Setidaknya dia pasti pernah terlibat dalam suatu pertempuran. Beberapa, dilihat dari tingkat cederanya.
Tanpa jarinya, dia tidak akan bisa menggunakan senjata. Terutama busur…
Maomao mendapati dirinya memikirkan para bandit yang menyerang mereka sehari sebelumnya. Mereka dan lengan mereka yang patah mungkin sudah berada di tangan pihak berwenang saat ini.

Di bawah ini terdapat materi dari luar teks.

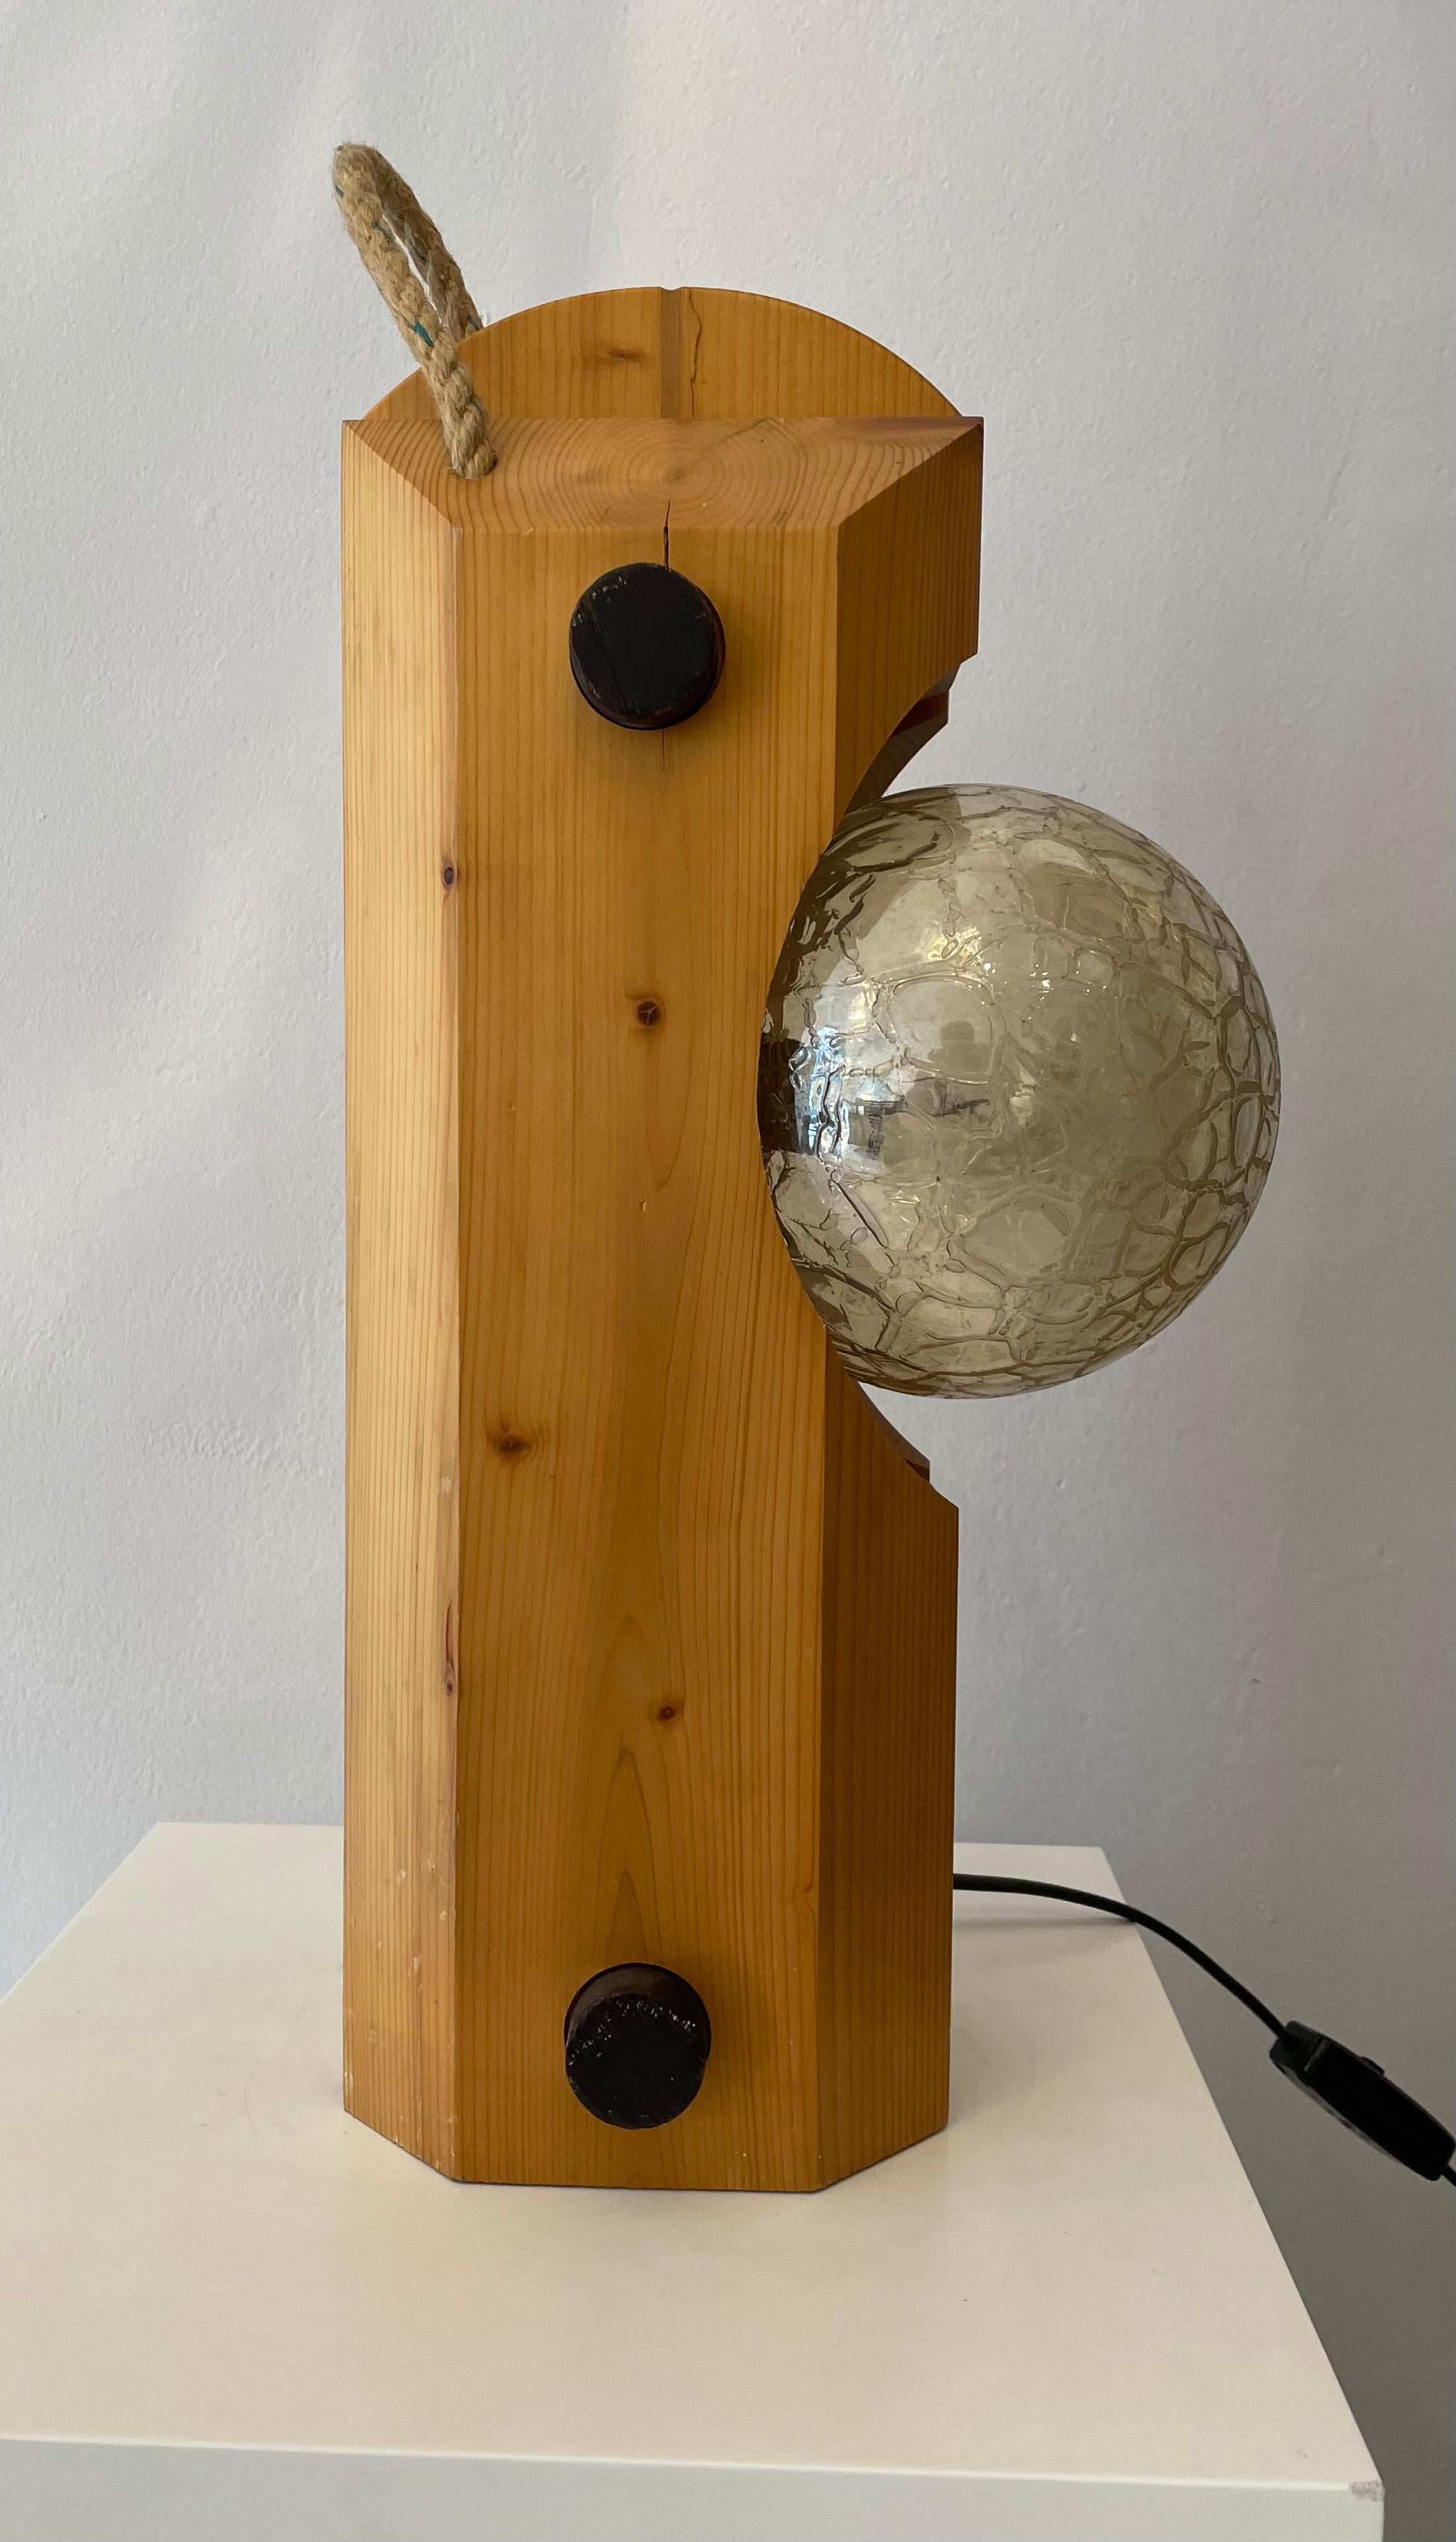 Wooden table lamp by Temde Leuchten - Germany 1970s.

Hanya sedikit hasil bagi perampok seperti mereka. Menggantung, misalnya. Hal terbaik yang bisa mereka harapkan adalah mutilasi…
Kemudian dia teringat Nianzhen mengatakan bahwa Rikuson telah membantunya dalam semacam upacara.
“Nianzhen,” katanya.
“Ya?” Sikapnya menantangnya untuk menebak. Kakak laki-laki Lahan memandang Maomao dengan ekspresi marah, bukan karena itu penting baginya. Mungkin dia tidak suka kalau dia sudah mengetahui nama lelaki tua acak ini meskipun mereka baru bertemu beberapa menit sebelumnya.
Bukan masalahnya saat ini. Maomao menarik napas dan mengucapkan kata-kata dengan tergesa-gesa: “Apakah Anda adalah manusia yang dikorbankan, Tuan?”
Semua orang membeku.
“Jawaban macam apa itu?!” tuntut Basen.
“Kamu tidak tahu ekspresinya? Itu adalah saat seseorang dikorbankan saat masih hidup.”
“Tentu saja aku tahu itu! Yang saya tidak tahu adalah mengapa menurut Anda itu ada hubungannya dengan orang tua ini. Dia jelas masih hidup!”
Padahal pengorbanan yang pantas cenderung berakhir dengan kematian.
Namun Maomao tetap mempertahankan jawabannya. “Dia tidak bertanya kenapa . Hanya apa .”
Dia memandang Nianzhen, yang tidak menunjukkan rasa tidak percaya atau kesal pada Basen. Sebaliknya, dia tampak puas. “Ya,” katanya, “Saya mengerti. Sebuah pengorbanan. Mungkin itulah yang saya alami.”
Nianzhen menghela napas panjang dan menyempitkan satu matanya yang tersisa.
“Apakah kalian bertiga akan berbaik hati mendengarkan ocehan orang tua bodoh?” Nada suaranya ringan, tapi ada emosi yang mendalam di matanya.
“Jika Anda berkenan mengizinkan kami,” jawab Maomao. Kali ini Basen dan Kakak Lahan, berhati-hati untuk tidak membuat marah Nianzhen lagi, menundukkan kepala mereka dengan hormat.